Discover new ways to elevate your game with the updated DGCourseReview app!
It's entirely free and enhanced with features shaped by user feedback to ensure your best experience on the course. (App Store or Google Play)
I always liked to 'play up' in chess, because playing the better competition made me a better chessplayer, and my rating would rise faster. It's a different story in Disc Golf, though... will 'playing up' make you a better player?
So my $0.02 advice is to play Intermediate until you're winning tournaments with some regularity, and then make the jump. Of course, entry fees and other considerations will apply...
As ever, JMHO, YMMV.
You don't get better by playing with more advanced players during competition.
They aren't there to give you lessons and tips.
You might learn a few things during the round watching them, but that is up to you to use that during your own practice time.
Now playing casual rounds with better players might help as they could be more willing to explain things to you.
2 - I really don't buy into the "playing up will make you better". Playing up only matters the first round after that you are playing with those of your skill level. To truly maximize this, you should PRACTICE with better players if possible as that is where I have learned the most. IMO playing up can actually hurt your development if.....
Agree 100%.
I spent a lot of years "playing up"---either in a higher division, or a younger one---and just got worse and worse. As my meager lifetime win total will attest.
Which didn't make it mistake---I'm one who liked the challenge. And playing among more serious players. But it never made me better.
Forums are full of complaints about "sandbaggers", 970-rated Ams and such, who posters claim are too good. How'd they get that way, playing in lower divisions, is what I want to ask. Obviously the need to play up to get better didn't affect them.
...but I would bet that if there were statistics it would show that players play best when playing with players at or above there respective skill level.
Any Advanced player (or any division for that matter) who gets upset or bent out of shape about a player or players playing up in their division is dumb.
I'm not saying I get annoyed at people playing up and then shooting poorly, but in my experience, the people that play up are the ones who are over-estimating their disc golf abilities. This means that when they start shooting average (or as they think poorly), they start to get grumpy/angry and kill the whole good card vibe. I absolutely can't stand when someone misses a 50' putt and starts bitching and moaning to the whole world about how much everything in life sucks, even though they are an 880 rated player and make a 50' putt once in 30 tries. I'm all for people playing up, but you still gotta be a good cardmate.

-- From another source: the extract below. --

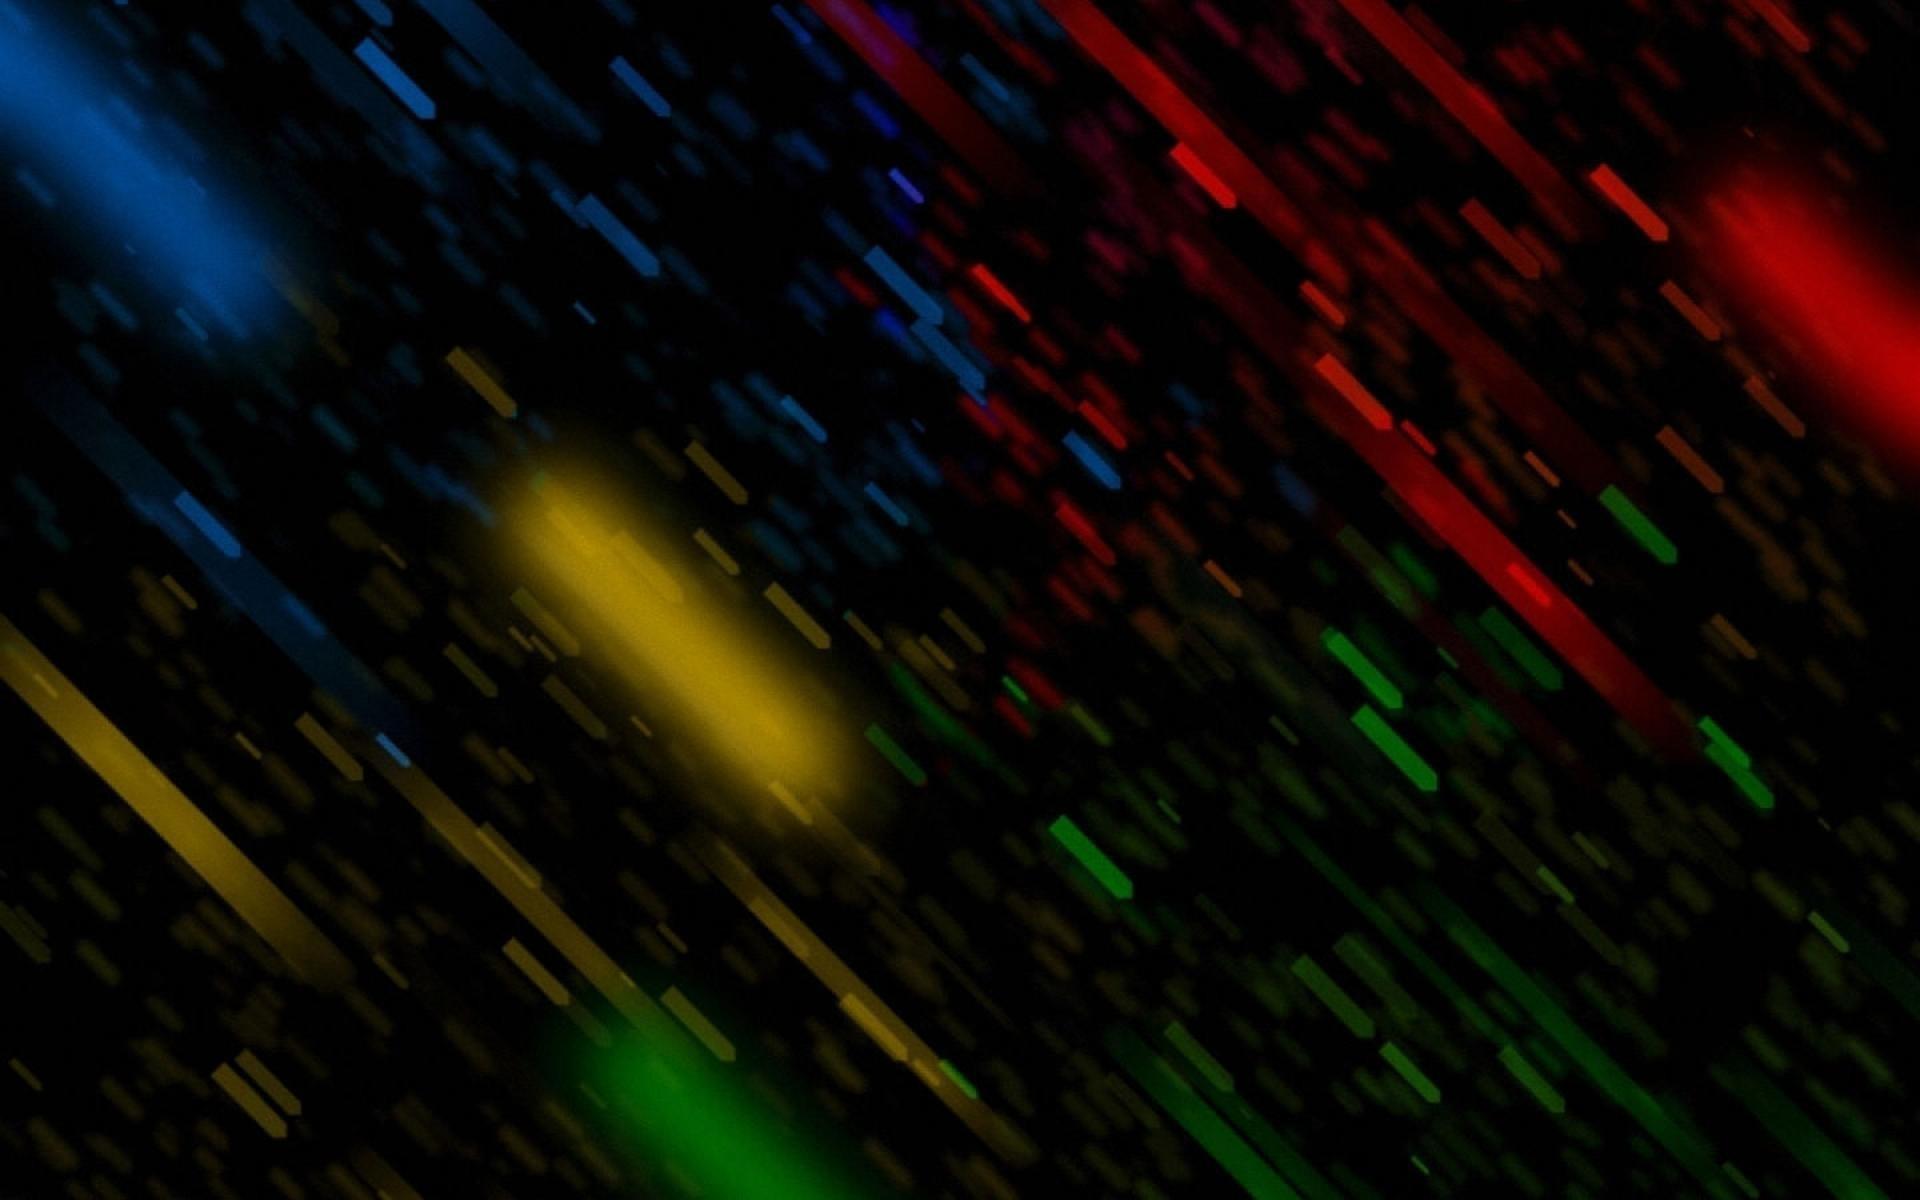 Desktop Backgrounds Nexus 57 images 1920x1200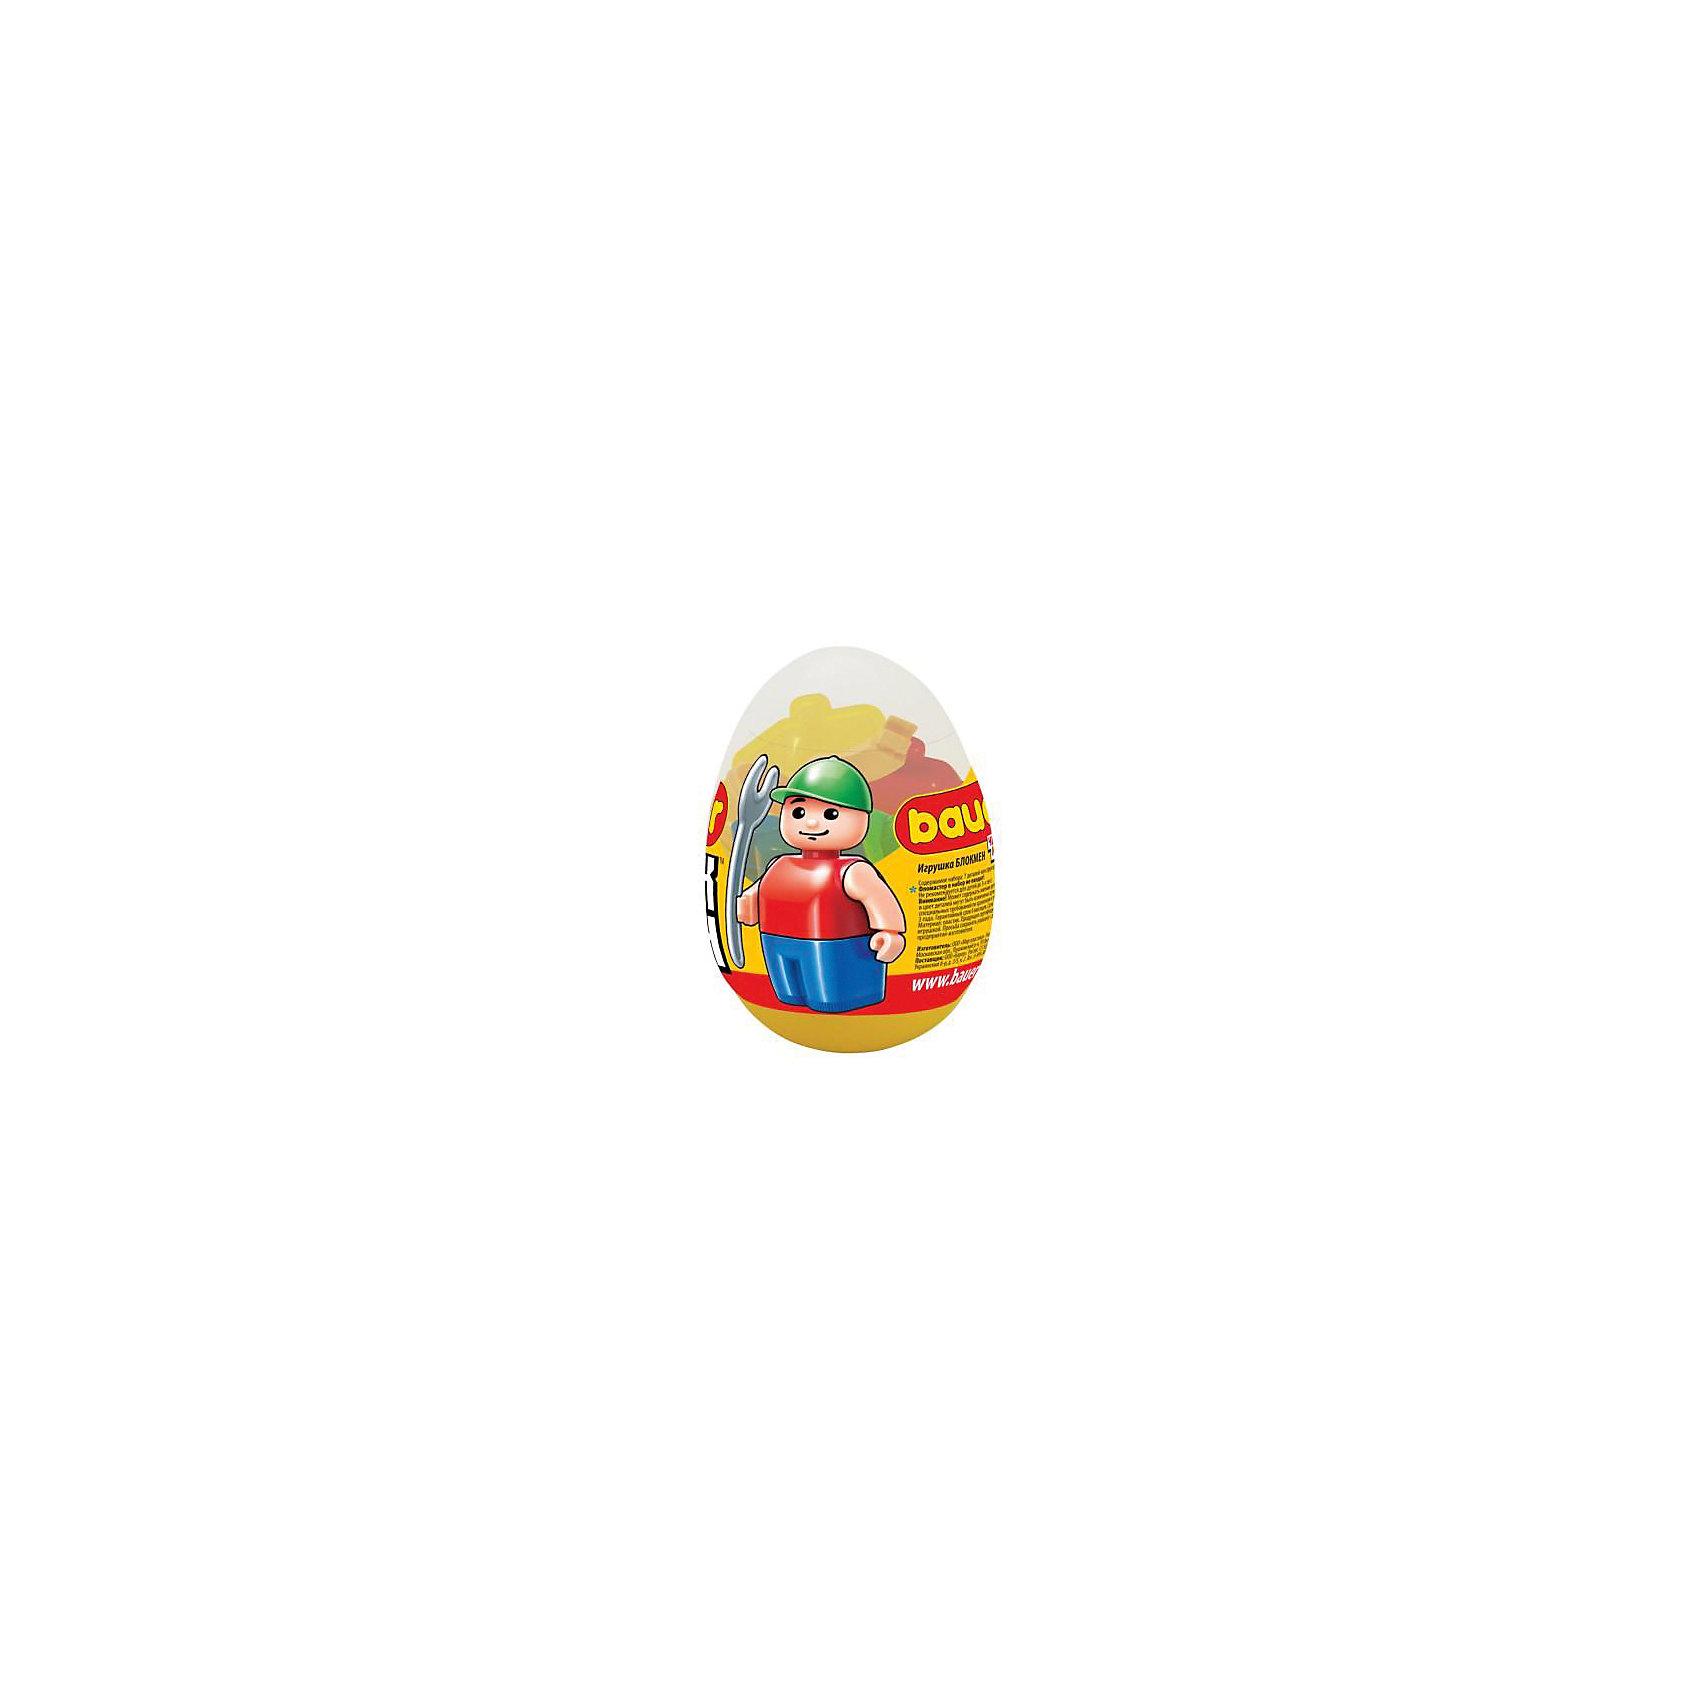 Bauer Игрушка в яйце Bauer Eggs, в ассортименте игрушка в яйце bauer eggs 8 5см page 3

Then again, I might be a little biased as I have been bagging all year...
There are few statistics (from 2014 Am Worlds because I typed in all the scores and recorded the groupings), but they show the opposite.
When one player is better than everyone else on the card, that player is more likely to play above their rating. When one player is worse than everyone else on the card, that player is more likely to play below their rating.
However, the effect is very weak, and may not even be significant.
Certainly, the statistics provide no evidence that playing with better players will make you play better that round. Whether you'll be a better player later from the experience, I can't say.
I'm not saying I get annoyed at people playing up and then shooting poorly, but in my experience, the people that play up are the ones who are over-estimating their disc golf abilities. This means that when they start shooting average (or as they think poorly), they start to get grumpy/angry and kill the whole good card vibe. I absolutely can't stand when someone misses a 50' putt and starts bitching and moaning to the whole world about how much everything in life sucks, even though they are an 880 rated player and make a 50' putt once in 30 tries. I'm all for people playing up, but you still gotta be a good cardmate.
Pretty much everyone on this thread agrees that the "play with better players to get good" stuff is BS, so I suppose I'm an anomaly of sorts.
I have been into disc golf for quite some time. Yet this is the first year I have learned about how tournaments are ran. I mainly just walk with my son this year while he was in the tournaments and I played during practice rounds. I finally entered 1 tournament which I did fairly well in considering how I thought I would do.
With that being said:
Every tournament I have been to I notice there are always guys or gals that are sandbaggers and there are always players that should have played in the lower level group. I guess to answer your question. I would say if you feel comfortable moving up and learning from some of the more advanced players. You could pick up on some things you never thought of before.